Hi! I am aware of tools like top, htop, atop, and sar that can be used to monitor usage. The *top programs seem to only do any reporting in real time, while the latter sar tool can provide historical usage data only (as percentage by CPU).

The problem that I am trying to get information on is what processes are running, and their stats, at times when the system is unresponsive (making the *top programs impossible to use).

What is the best way to log process stats in real time so when the system becomes unresponsive and requires a reboot, we can go and look to see what state the system was in to hopefully troubleshoot what causes the system to become unresponsive?

Thank you!

  • frongt@lemmy.zip
    link
    fedilink
    arrow-up
    1
    ·
    12 hours ago

    Kernel dumps? I doubt that any monitoring agent would be any more responsive than what you’ve already listed.

  • suicidaleggroll@lemmy.world
    link
    fedilink
    arrow-up
    6
    ·
    edit-2
    20 hours ago

    I use node_exporter + VictoriaMetrics + Grafana for network-wide system monitoring. node_exporter also has provisions to include text files placed in a directory you specify, as long as they’re written out in the right format.

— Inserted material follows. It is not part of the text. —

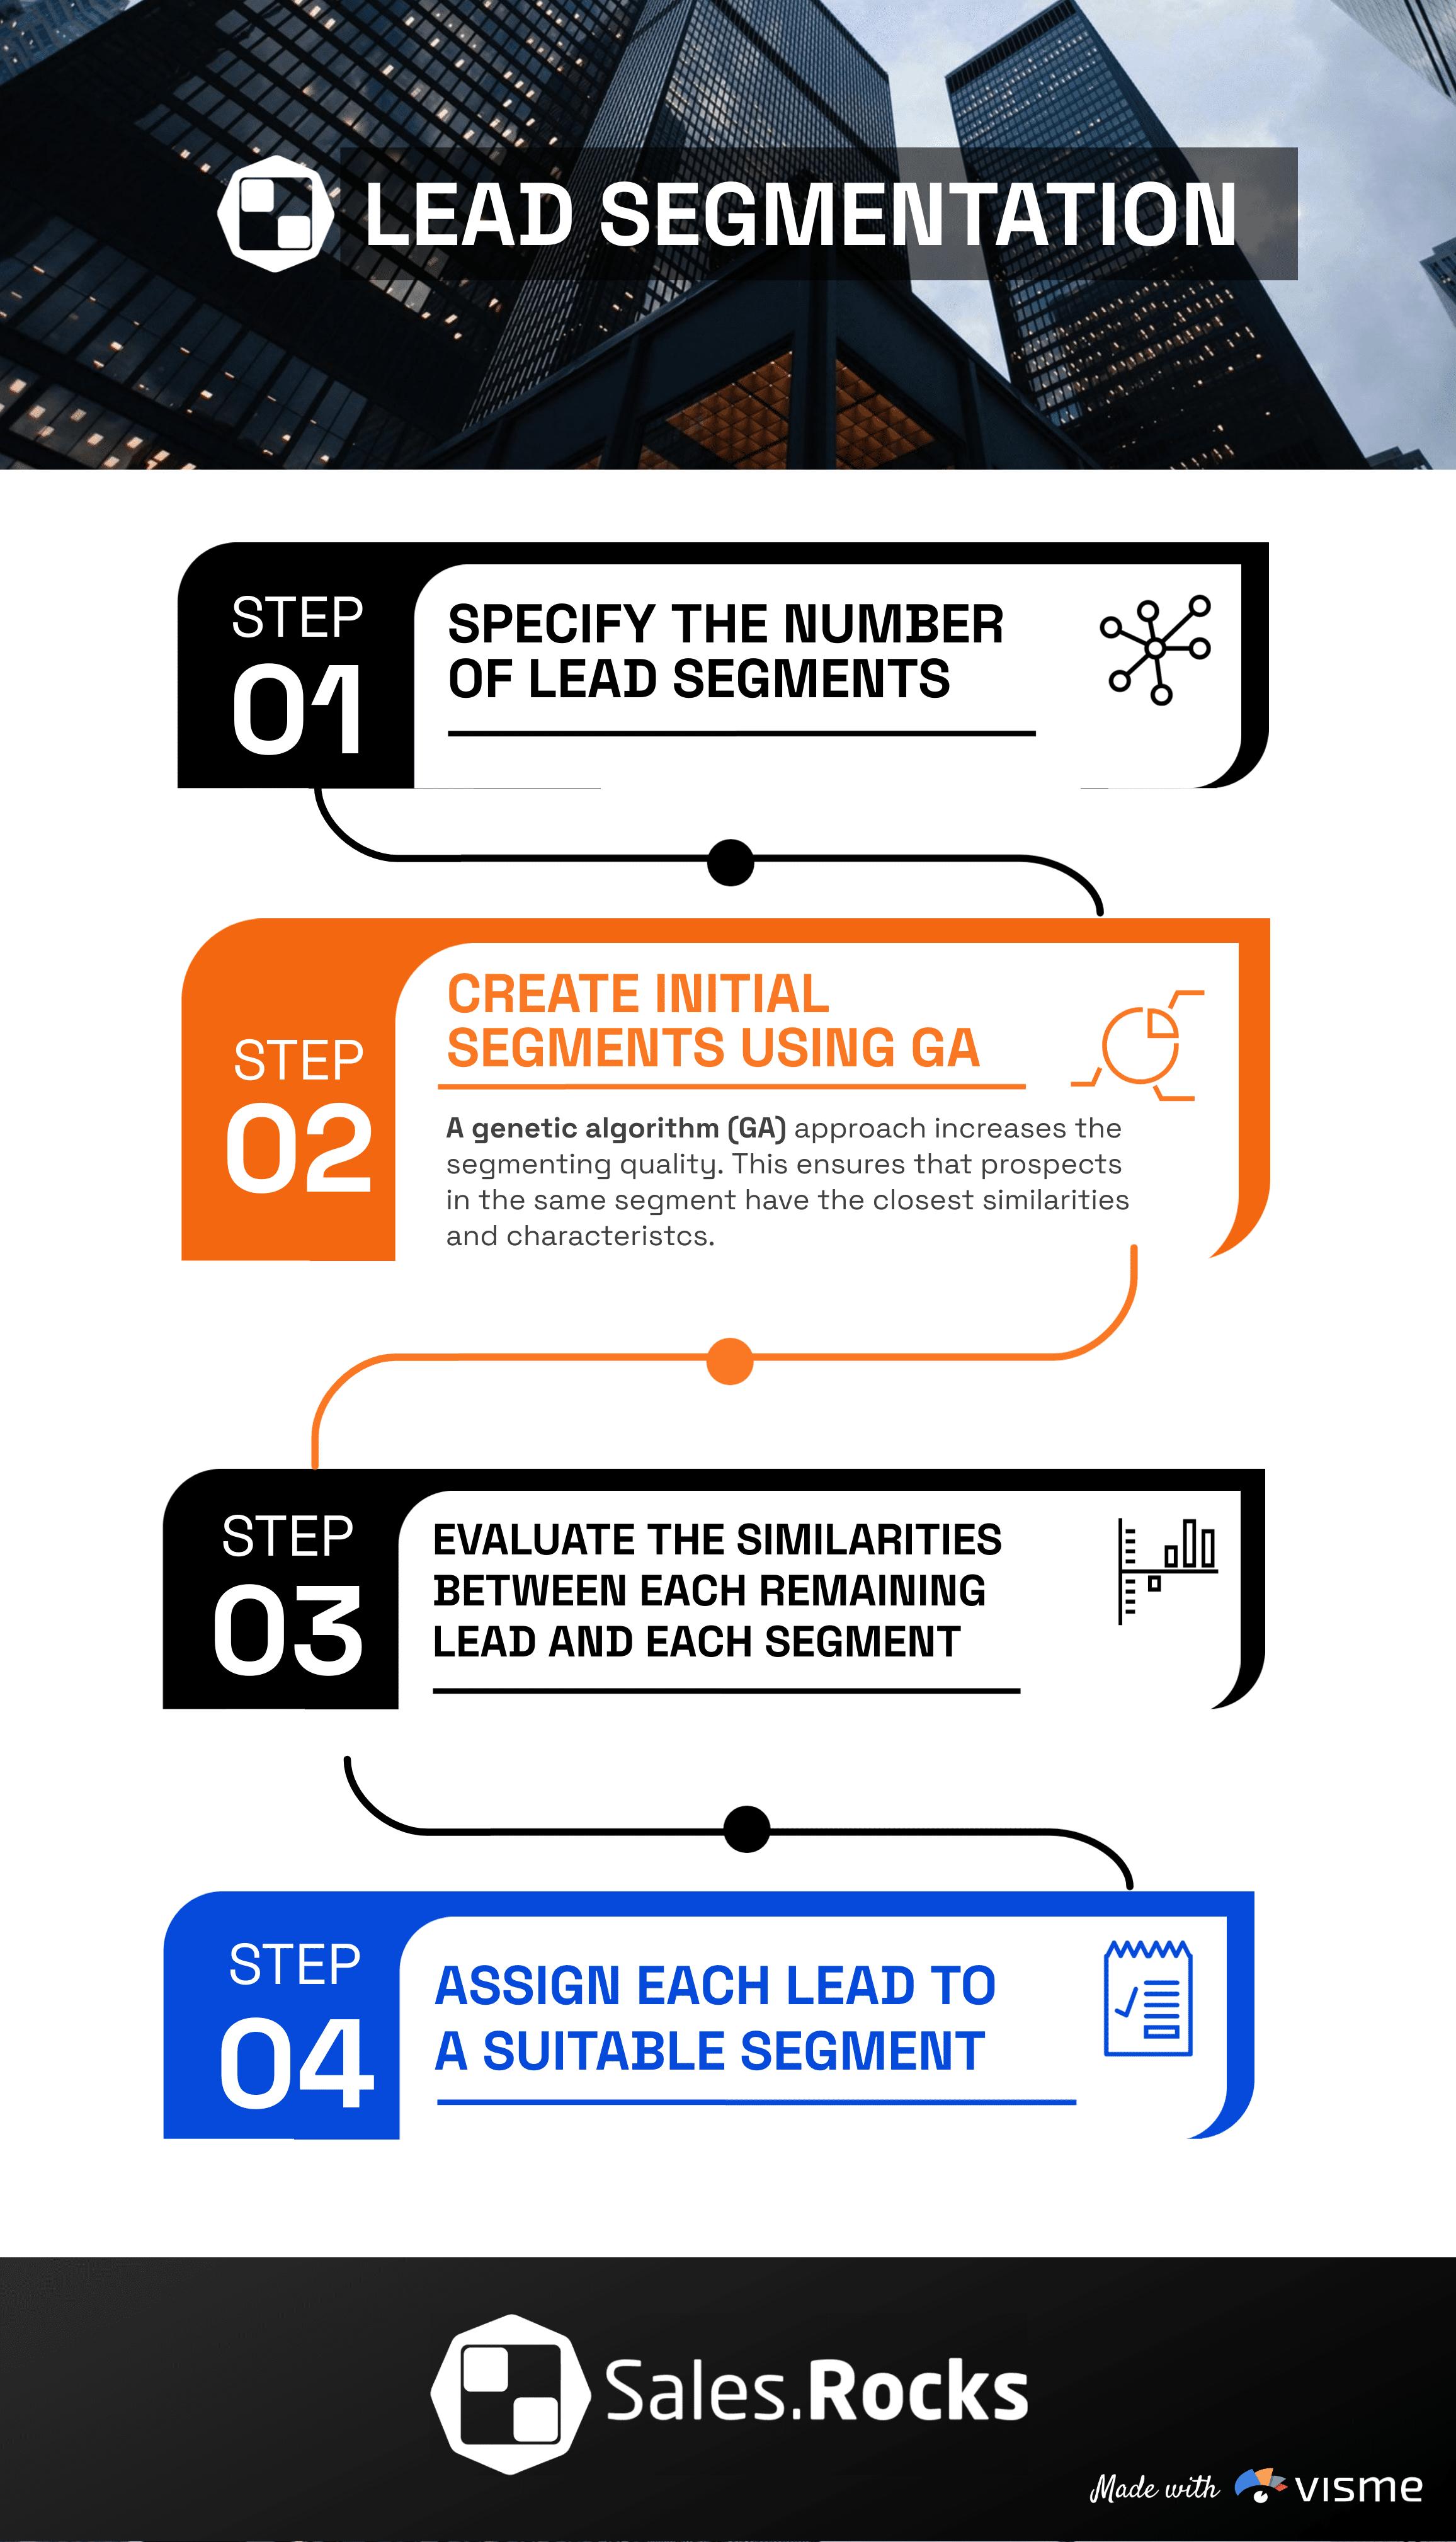 Lead Segmentation Sales.Rocks
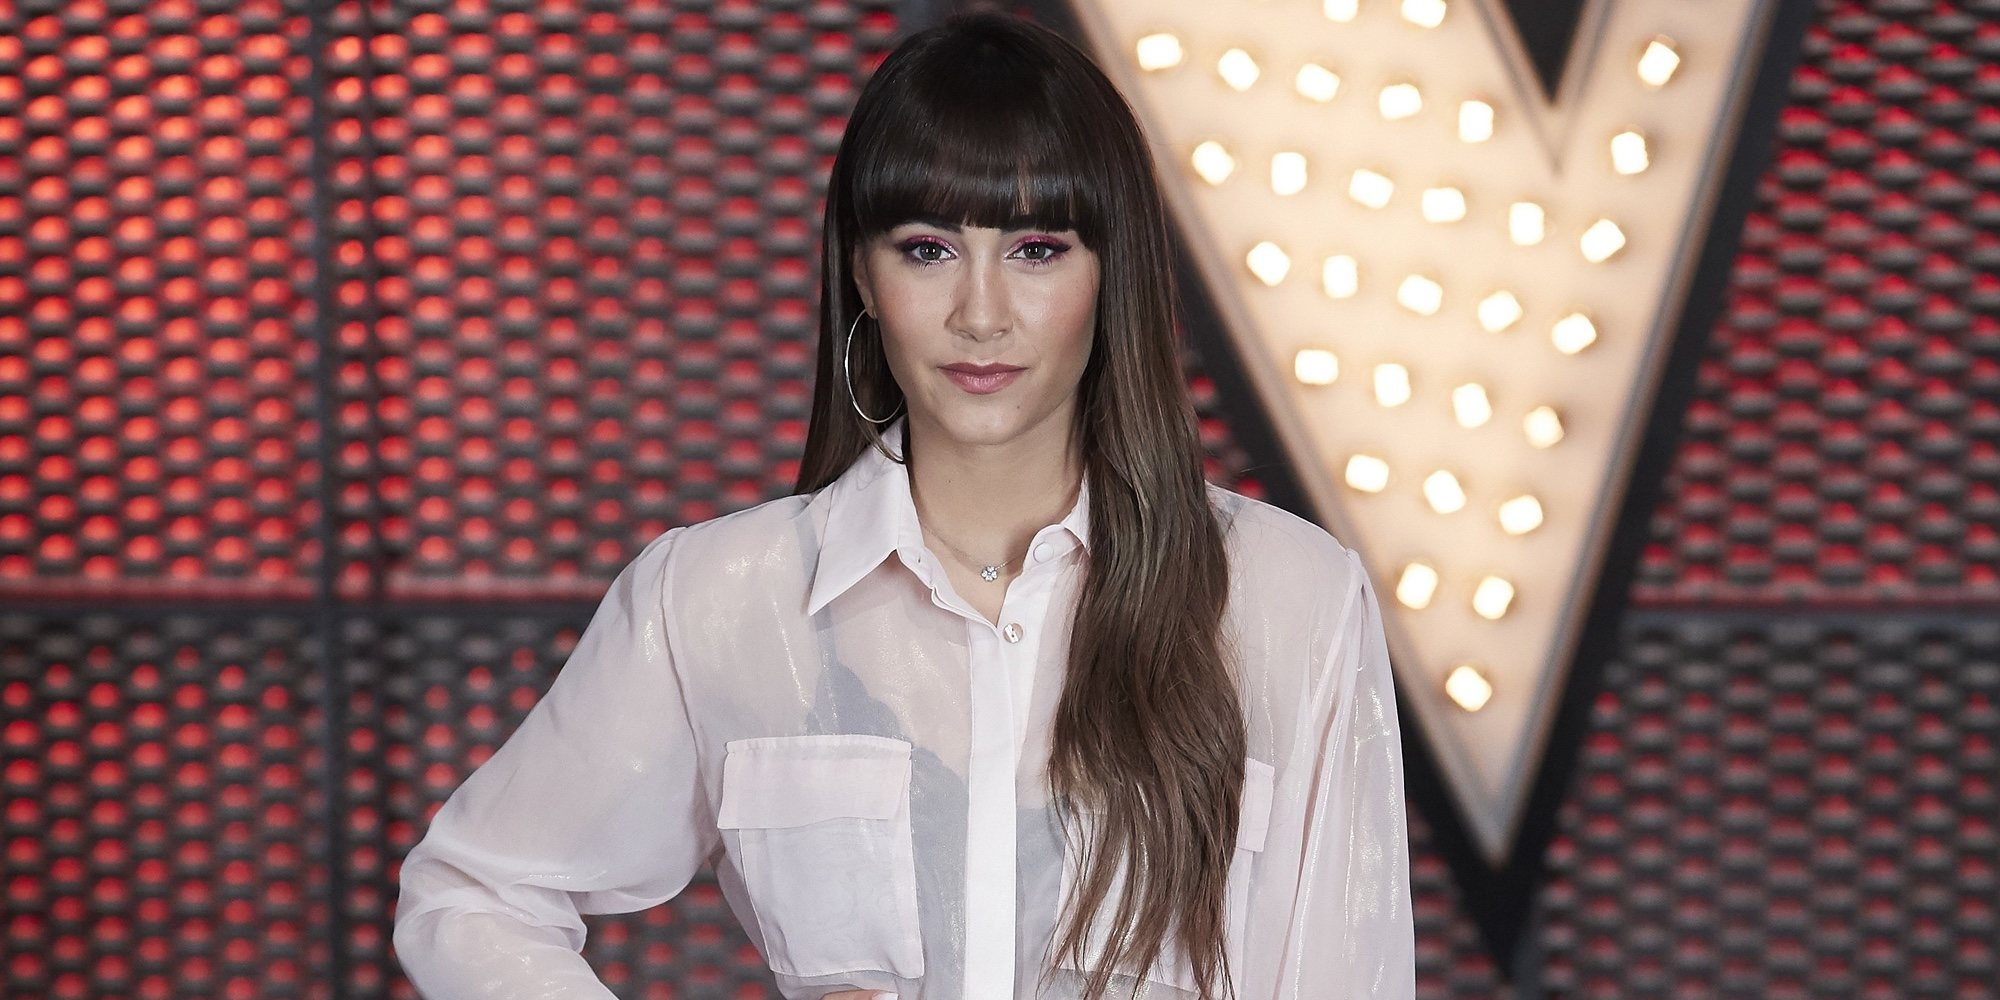 Aitana Ocaña da positivo en coronavirus y cancela su participación en Los 40 Music Awards

I use that capability on my systems to include some custom metrics, including CPU and memory usage of the top 5 processes on the system, for exactly this reason.

    The resulting file looks like:

    # HELP cpu_usage CPU usage for top processes in %
    # TYPE cpu_usage gauge
    cpu_usage{process="/usr/bin/dockerd",pid="187613"} 1.8
    cpu_usage{process="/usr/local/bin/python3",pid="190047"} 1.4
    cpu_usage{process="/usr/bin/cadvisor",pid="188999"} 1.0
    cpu_usage{process="/opt/mealie/bin/python3",pid="190114"} 0.9
    cpu_usage{process="/opt/java/openjdk/bin/java",pid="190080"} 0.9
    
    # HELP mem_usage Memory usage for top processes in %
    # TYPE mem_usage gauge
    mem_usage{process="/usr/local/bin/python3",pid="190047"} 3.0
    mem_usage{process="/usr/bin/Xvfb",pid="196573"} 2.4
    mem_usage{process="/usr/bin/Xvfb",pid="193606"} 2.4
    mem_usage{process="next-server",pid="194634"} 1.2
    mem_usage{process="/opt/mealie/bin/python3",pid="190114"} 1.2
    

    And it gets scraped every 15 seconds for all of my systems. The result looks like this for CPU and memory. Pretty boring most of the time, but it can be very valuable to see what was going on with the active processes in the moments leading up to a problem.